The National Peanut Board is obviously trying to say that peanuts are an “energy” food, and on one level may play off the current fad for energy drinks. (But remember this: peanuts are good; energy drinks should be avoided at all costs!). On the website , we learn that the slogan for the national campaign is “Energy for the Good Life.”
This particular ad has a large headline that read: “Energy to spend time with someone who will listen to you.”
And what image does the peanut board use to exemplify this message? It’s a photo of a man with his dog on a hill overlooking a beautiful view.
There are two ways to interpret this collision of words with imagery, and both convey a solipsistic message that I believe is a variation of the Reaganistic ideology that tells us the world is a better place if every seeks his or her self-interest and that we should look for private solutions to address problems. Solipsism, by the way, is the philosophy that the world begins and ends with the self, or, put another way, that the only thing any one can be sure really exists is one’s own mind.
Here are my two interpretations of the imagery:
- Your dog is the only person who really listens to you
- God, represented by nature as it often has been in painting and literature through the centuries, is the only one who really listens to you.

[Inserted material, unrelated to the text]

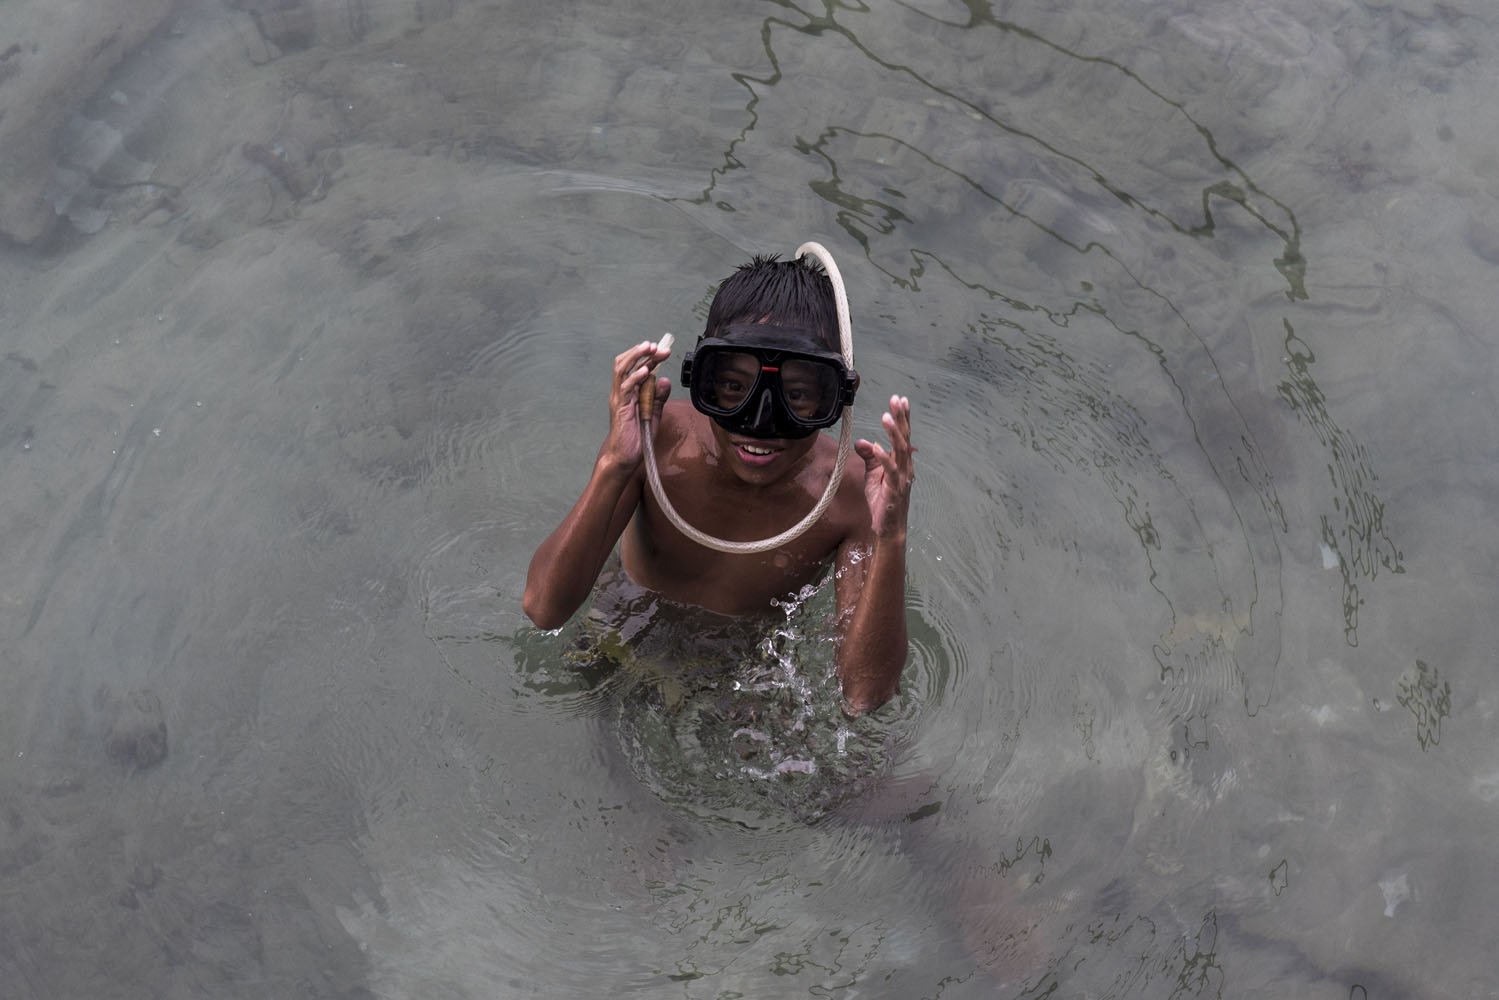 Seorang bocah menggunakan selang air saat berenang di perairan pulau Sedanau di Kabupaten Natuna, Kepulauan Riau, Rabu (2/8).

I think it’s easy to see that if your dog is the only one who listens to you, then you’re living in a society in which all humans care only about themselves and act only in their own self interest, to the exclusion of all other family or social concerns; in other words, Reaganism taken to its extreme. The dog is cute, but the internal logic of the ad is brutal: No one listens to you; no one cares about you; you’re in this world by yourself; you might as well just act in your own self-interest, because no one else is going to help you and you shouldn’t help anyone else.
Even if the Peanut Board is subtly trying to make a religious message, the analysis remains the same. The god in the ad, if there is one, is not one that provides moral guidance, nor one that exemplifies service to others. No, what this god does is listen to you. You get to talk to this god and tell him what’s on your mind (that is, of course, if you have eaten enough peanuts to have the energy to talk!).
I wonder if the Peanut Board realizes that the ideological message underlying its attempt to sell peanuts is that no one should care about anyone else, since no one else ever listens.